CRAVEN CAME BACK to the Control Room at the change of watch, when Grimes was handing over to Jane Pentecost. He waited until the routine had been completed, then said, "We know where our friends are headed. They were, like us, running for Waldegren—but they're having to change course." He laughed harshly. "There must be all hell let loose on their home planet."
"Why? What's happened?" asked Grimes.
"I'll tell you later. But, first of all, we have an alteration of course ourselves. Look up Dartura in the Directory, will you, while I get the Drive shut down."
Epsilon Sextans
was falling free through normal spacetime before Grimes had found the necessary information. And then there was the hunt for and the final identification of the target star, followed by the lining up by the use of the directional gyroscopes. There was the brief burst of acceleration and then, finally, the interstellar drive was cut in once more.

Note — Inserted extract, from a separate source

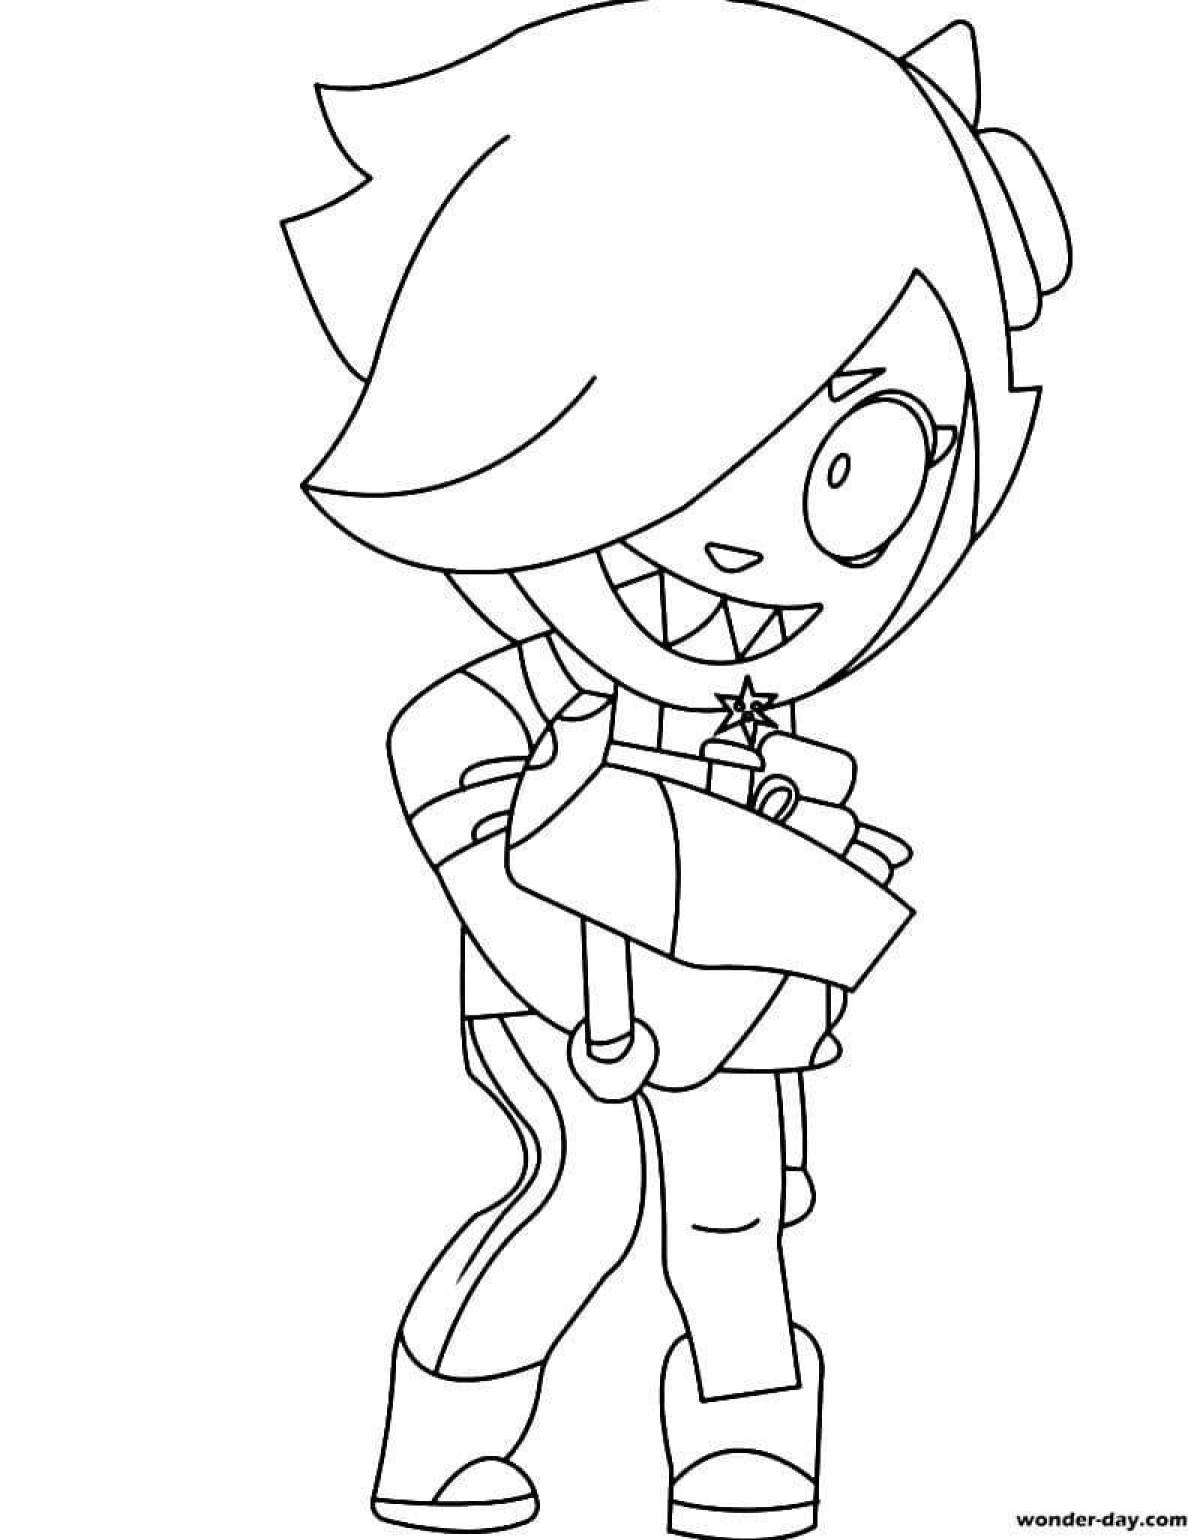 Attractive brawl stars character coloring pages

The Captain made a business of selecting and lighting a cigar. When the pungent combustion was well under way he said, "Our young Mr. Summers is a good snooper. Not as good as some people I know, perhaps." Grimes flushed and Jane Pentecost looked puzzled. "He's a super-sensitive. He let me have a full transcript of all the signals, out and in. It took us a little time to get them sorted out—but not too long, considering.
Adler—
that's the name of the surviving frigate—
was
running for home. Her Captain sent a rather heavily edited report of the action to his Admiral. It seems that
Adler
and the unfortunate
Albatross
were set upon and beaten up by a heavily armed Survey Service cruiser masquerading as an innocent merchantman. The Admiral, oddly enough, doesn't want a squadron of Survey Service battlewagons laying nuclear eggs on his base. So
Adler
has been told to run away and lose herself until the flap's over . . . ."
"And did they send all that
en clair?"
demanded Grimes. "They must be mad!"
"No, they aren't mad. The signal's weren't
en clair."
"But . . ."
"Reliable merchant captains," said Craven, "are often entrusted with highly confidential naval documents. There were some such in my safe aboard
Delta Orionis,
consigned to the Commanding Officer of Lindisfarne Base. The officer who delivered them to me is an old friend and shipmate of mine, and he told me that among them was the complete psionic code used by the Waldegren Navy. Well, when I had decided to take over this ship, I'd have been a bloody fool not to have Photostatted the whole damned issue.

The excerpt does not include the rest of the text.